015 Wsdm 2018 Paper Review How to Use Contextual Information in Deep Learning Models

015 WSDM 2018 Paper Review - How to Use Contextual Information in Deep Learning Models #

Today, we will continue to summarize a paper from WSDM 2018 titled “Latent Cross: Making Use of Context in Recurrent Recommender Systems.” This paper, also from the Google team, aims to simulate and implement the effects of widely used “cross features” in recommendation systems using deep models.

Author Information #

All the authors of this paper are from Google, and here we will give a brief introduction to the main authors.

The first author of the paper, Alex Beutel, is a Senior Scientist at Google and joined the company in 2016. Beutel graduated from Carnegie Mellon University with a Ph.D. in Computer Science under the guidance of Alex Smola, an authority in machine learning.

The last author, Ed H. Chi, is a Chief Scientist at Google. He holds 39 patents and has published more than 110 papers. Prior to joining Google, Chi was a Senior Researcher at the Palo Alto Research Center. Chi received his Ph.D. in Computer Science from the University of Minnesota.

Main Contributions of the Paper #

First, let’s look at the main contributions of this article and outline the problems it addresses in a particular scenario.

Recommendation systems often need to model current scenarios, sometimes referred to as “context.” In the past, many traditional methods have explored how to utilize context information for recommendations, such as using tensors for modeling or leveraging temporal characteristics to process context information.

In recent years, with the development of deep learning, more and more deep learning models have been applied in the field of recommendation systems. However, there has been no direct exploration of how to incorporate context into deep learning models. This article aims to make an attempt in this aspect.

One challenging problem arises here. In the past, such context was often represented using “cross-features,” which is the multiplication of two features to create a new feature. This method has been widely used in matrix factorization or tensor factorization models. However, in deep learning, the past practice was to not directly use such cross-features. But in recommendation systems where context is crucial, not utilizing cross-features often leads to suboptimal results.

This article introduces a concept called “latent cross,” which directly operates at the embedding layer, thereby simulating the effect of cross-features in the architecture of deep models.

Core Method of the Paper #

The authors first discuss a common feature in recommendation systems, which is the use of cross-features to achieve a " low-rank " representation, which is a basic assumption of matrix factorization. For example, each rating can be expressed as the dot product of a user vector and an item vector.

So, the authors proposed the following question: Can a Feedforward Neural Network, which is the foundation of deep learning, effectively simulate this structure?

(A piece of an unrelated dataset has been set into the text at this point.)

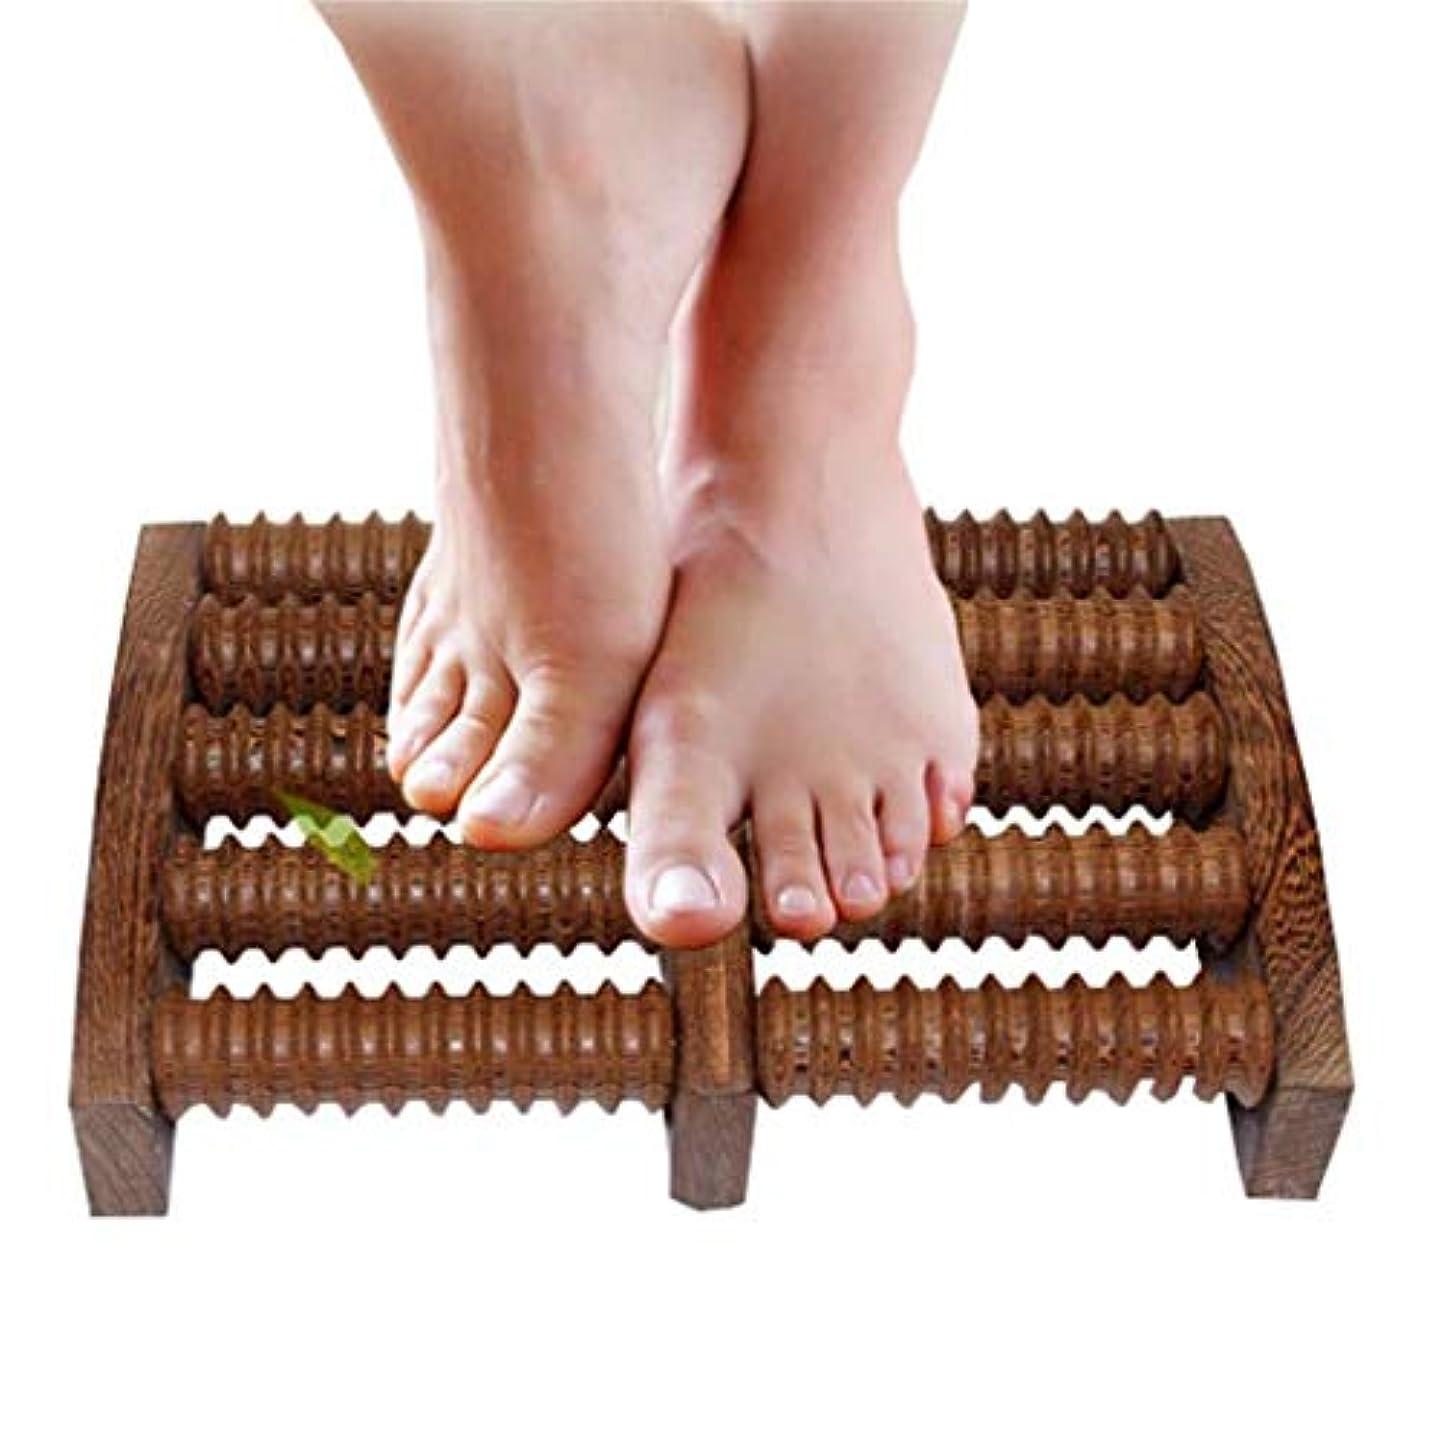 彫る読みやすい子豚木製足裏マッサージローラーは、足底筋膜炎の治療のために圧力/かかととアーチの痛みを和らげ、筋肉と足のマッサージャーをリラックスさせます (Color : B)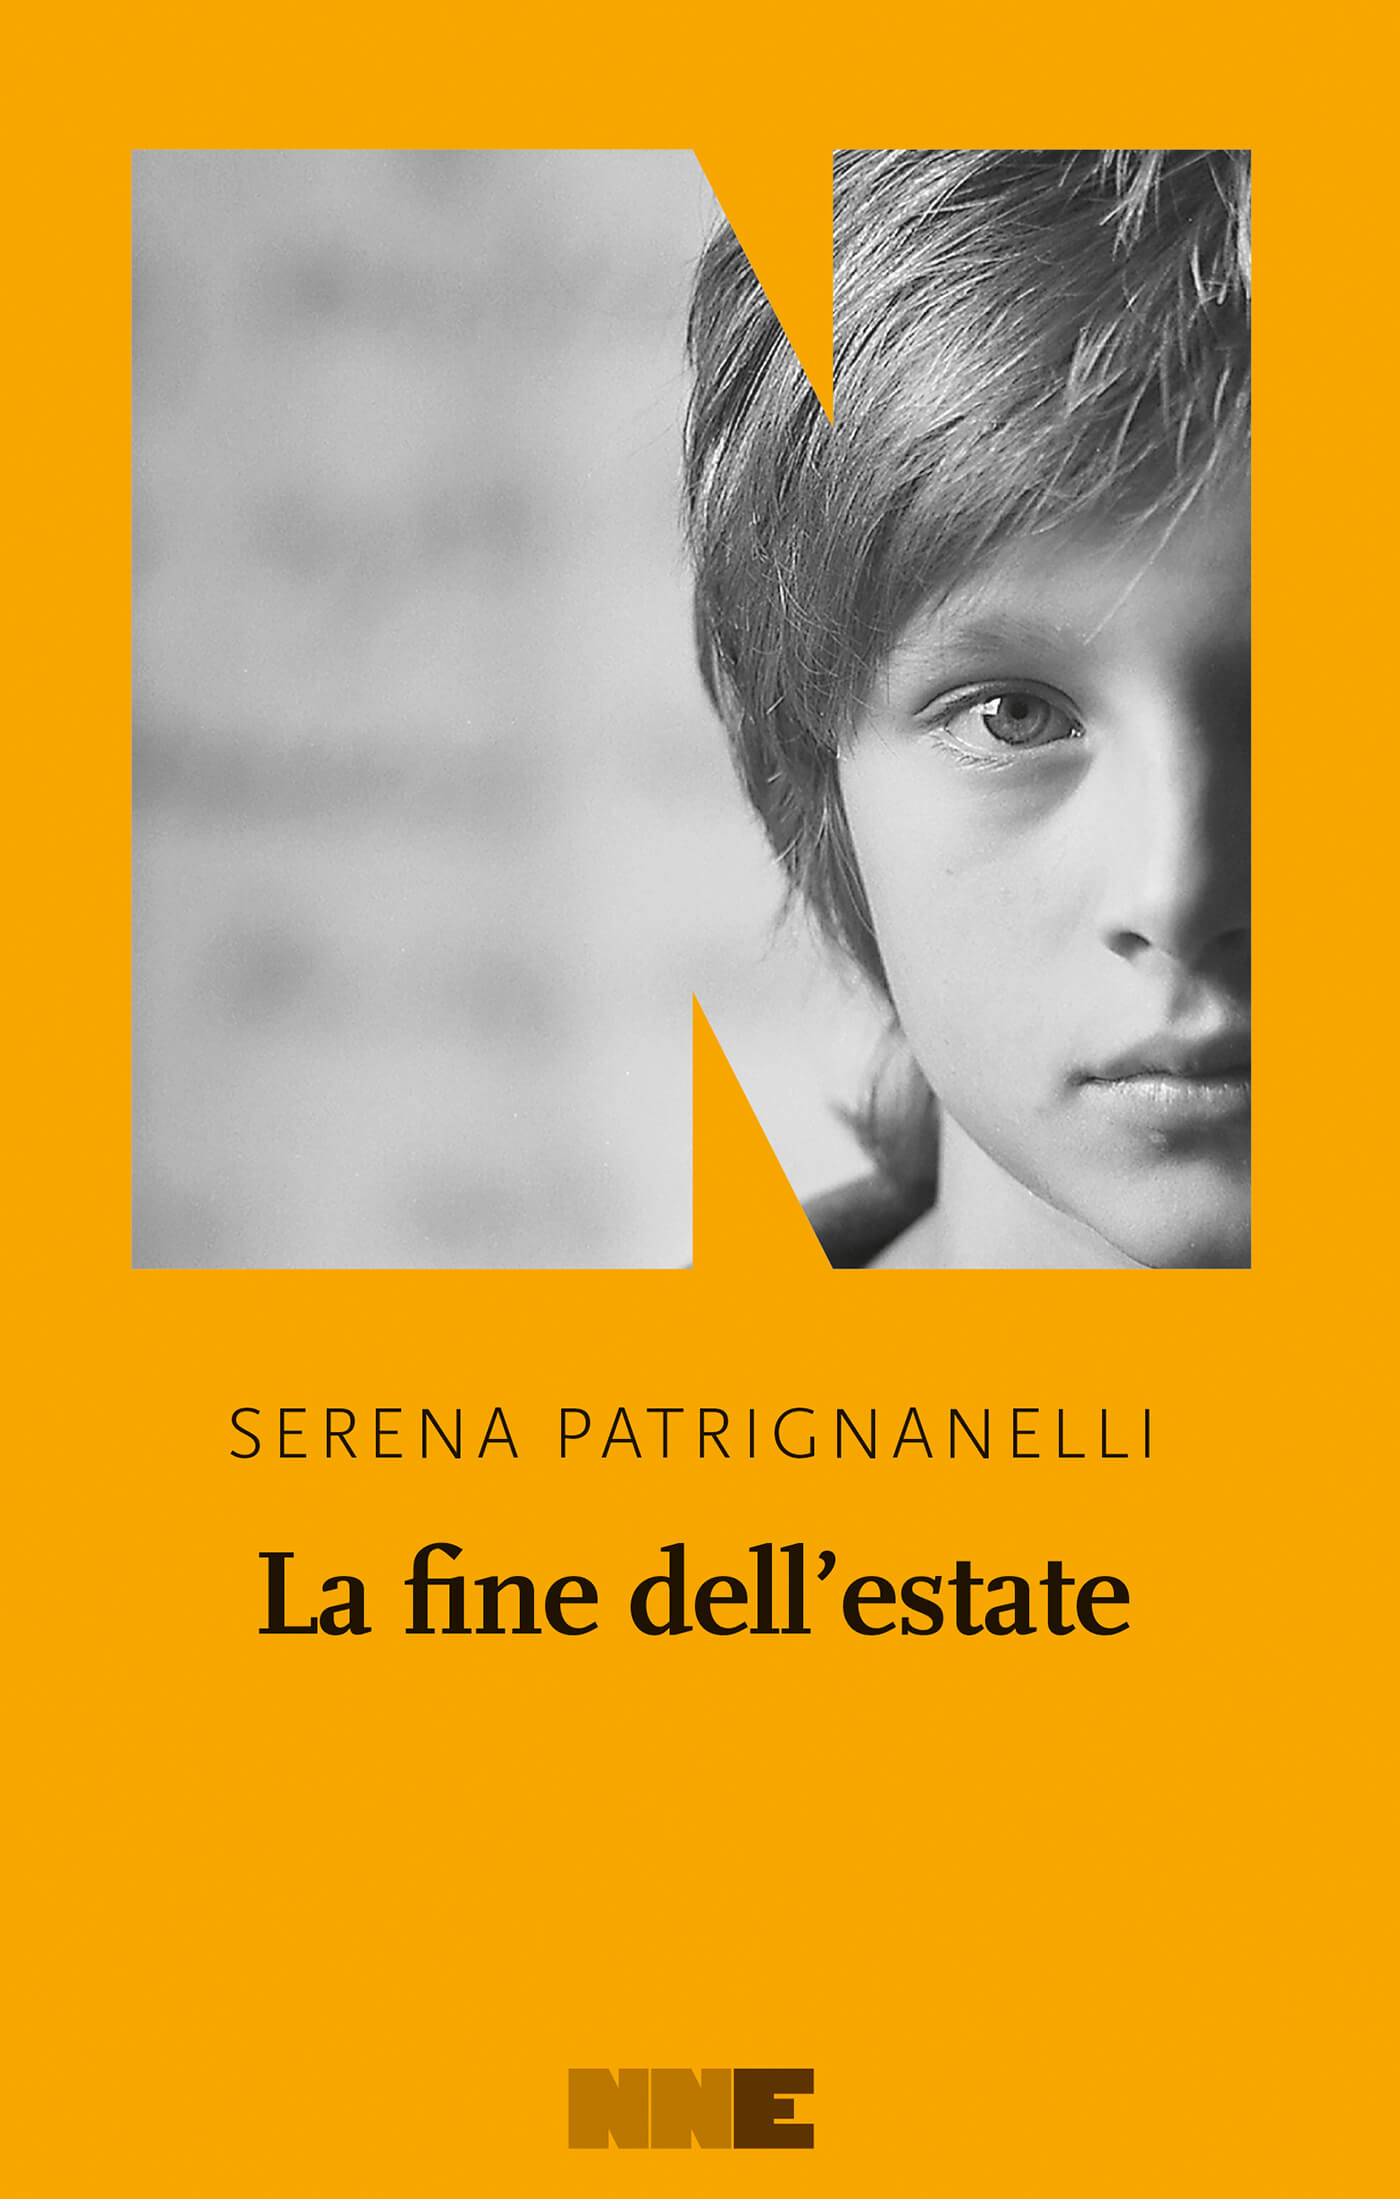 La fine dell'estate - Serena Patrignanelli - Aprile 2019

Through simulation and small-scale experiments, the authors empirically verified that deep learning models do not capture the “low-rank” representation brought about by such cross-features very well. In fact, deep learning models need more layers and wider layers to achieve the same effect as the cross-features. This may come as somewhat of a surprise to us. The authors also made corresponding comparisons with traditional RNNs, which will not be restated here.

After obtaining such results, the authors proposed a function called “Implicit Cross.” This function is actually very intuitive. Traditional deep learning models concatenate multiple different pieces of information together as input. “Implicit Cross” multiplies the current input features with contextual information to directly model the “cross-features”.

The benefits of doing this are obvious. Previously, we relied on deep learning models themselves to learn such cross-relationships. Now, the authors directly let contextual information act on input information and other intermediate features, thereby enhancing the impact of contextual information.

The method proposed in this paper can be seen as the first attempt to apply traditional ideas from recommendation systems to the context of deep learning.

Experimental Results of the Methods #

This article conducted experiments using Google’s Youtube data. The authors compared a series of methods and concluded that the combination of RNN with “hidden interactions” achieved better results by 2%~3% compared to using RNN alone. This improvement is already a very significant number.

Summary #

Today, I presented an article from the Google team at WSDM 2018. This article discusses how to apply the cross characteristics commonly found in traditional recommendation system models (such as matrix factorization) to deep learning.

Let’s recap the key points: First, we briefly introduced the author group information of this article. Second, we detailed the problem that this article aims to solve and its contributions. Third, we analyzed the core content of the proposed method in the article and the experimental results.

Finally, I leave you with a question to ponder: Is it a problem of deep models that they cannot capture cross characteristics well by default?